My question is that, does the MapReduce framework (for example Hadoop implementation), assign the inputs for mappers before mapper job starts or it is done at runtime?

That is, assume I have some input i, and machines m_1,m_2 .. m_k. The machines need not to be equally powered, some may have better performance (CPU,Memory) than other. If the master node splits the inputs to mappers until the mapper task begins, or at least assigns the inputs to particular mapper node, there may be the case that some machines (stronger ones) could finish their job and wait. However, if the split job is done on the runtime, this problem does not arise.

If you also indicate the overall split mechanism of MapReduce in preMapper phase, I would be happy.

2

2 Answers

1
votes

Yes, the inputs for the Map tasks are prepared before the Mapper phase starts in Hadoop. The number of mappers is decided by the number of Input Splits calculated for the given input file before the Mapper phase starts.

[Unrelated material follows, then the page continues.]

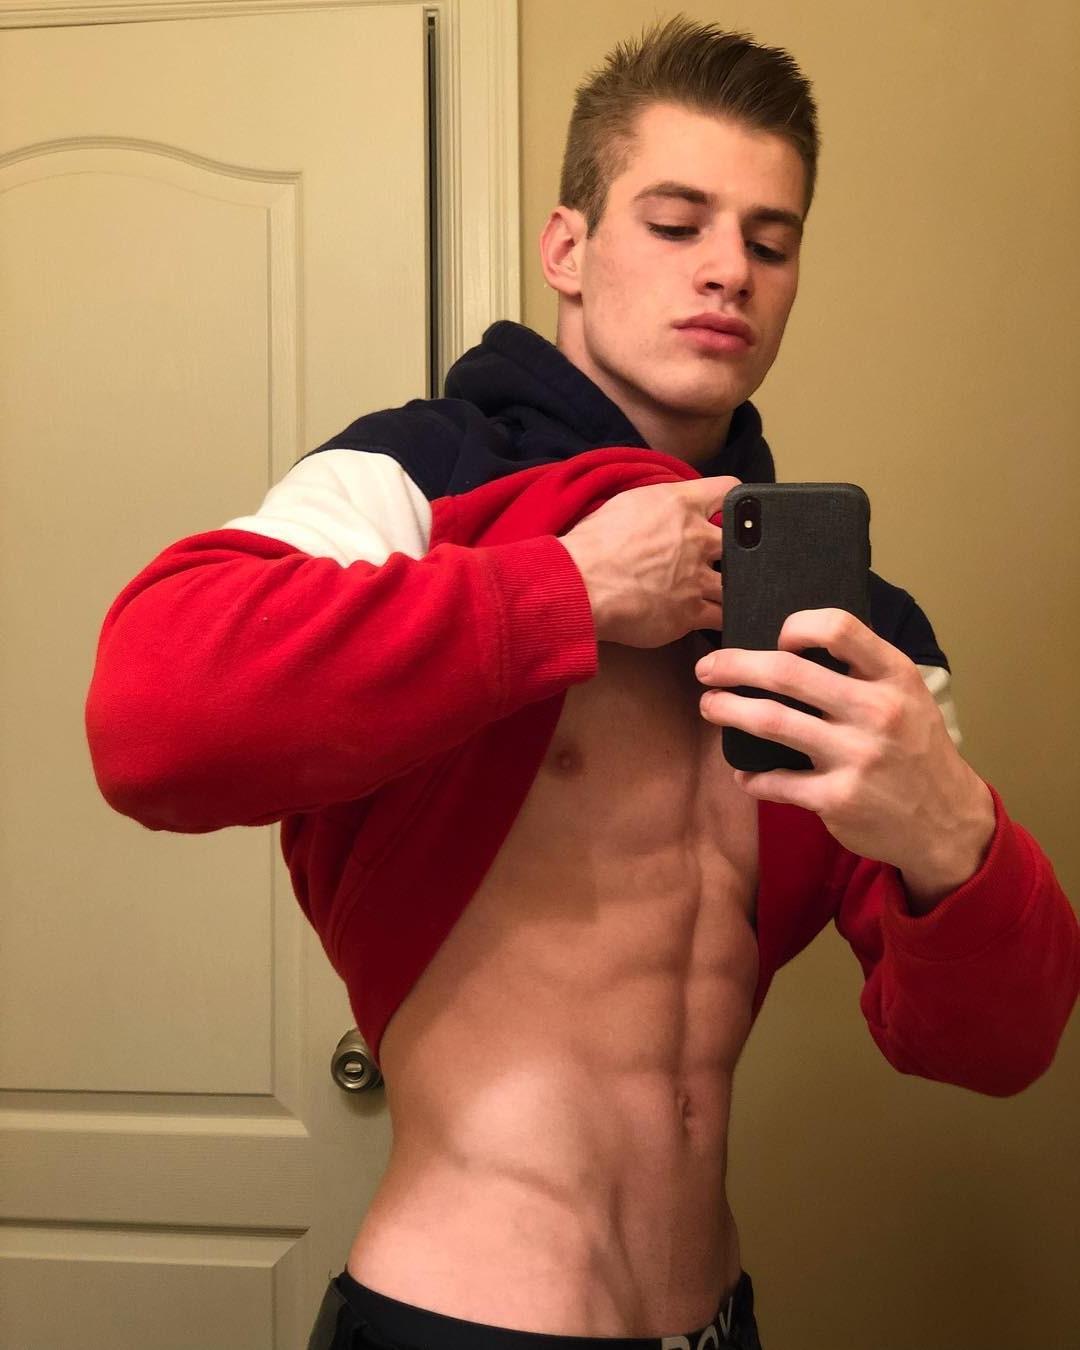 hot-beefy-muscle-bad-boy-pulling-shirt-abs-selfie

Here the Input Split is the logic blocks of the given input file, where by default for every block of the file , one Input Split will be prepared and for every input split one mapper task will be dispatched.

You can control the number of InputSplits by controlling the mapreduce.input.fileinputformat.split.maxsize and mapreduce.input.fileinputformat.split.minsize properties.

The number of nodes available to execute the calculated number of map tasks is depends on the capacity of your cluster.

For example , say your input file is about 100GB(102400 MB) in size and block size 100MB, and Input split size is block size (by default), then 1024 Map tasks will be calculated. In this case assume that you cluster's maximum containers available to execute map/reduce tasks across the cluster is 500, then at the best case only 500 mappers will be executed in Parallel. The machines whichever executes the Map task container sooner will pick the next Map task from the queue and continue so on until all mappers were completed.

hope this helps.

1
votes

In MapReduce framework, the Mapper tasks are assigned to the machines based on the Data Locality Concept. This means, data nodes which are storing the block of the data, will be assigned to execute the mapper task for that block of data.

The data splits (blocks) happen when you store the data into HDFS using configuration defined for data replication and block size. So if the original file is let say 128MB and block size is 64MB then file will be split into two blocks. These blocks will be store on two different machines. Here is quote from HDFS design doc:

A typical block size used by HDFS is 64 MB. Thus, an HDFS file is chopped up into 64 MB chunks, and if possible, each chunk will reside on a different DataNode.

Now when run the MapReduce job for a particular file then two Mapper tasks will be launched on these two machines.

So the data split and launching of mappers are completely two independent things. The first is handled by HDFS framework and second is by MapReduce framework.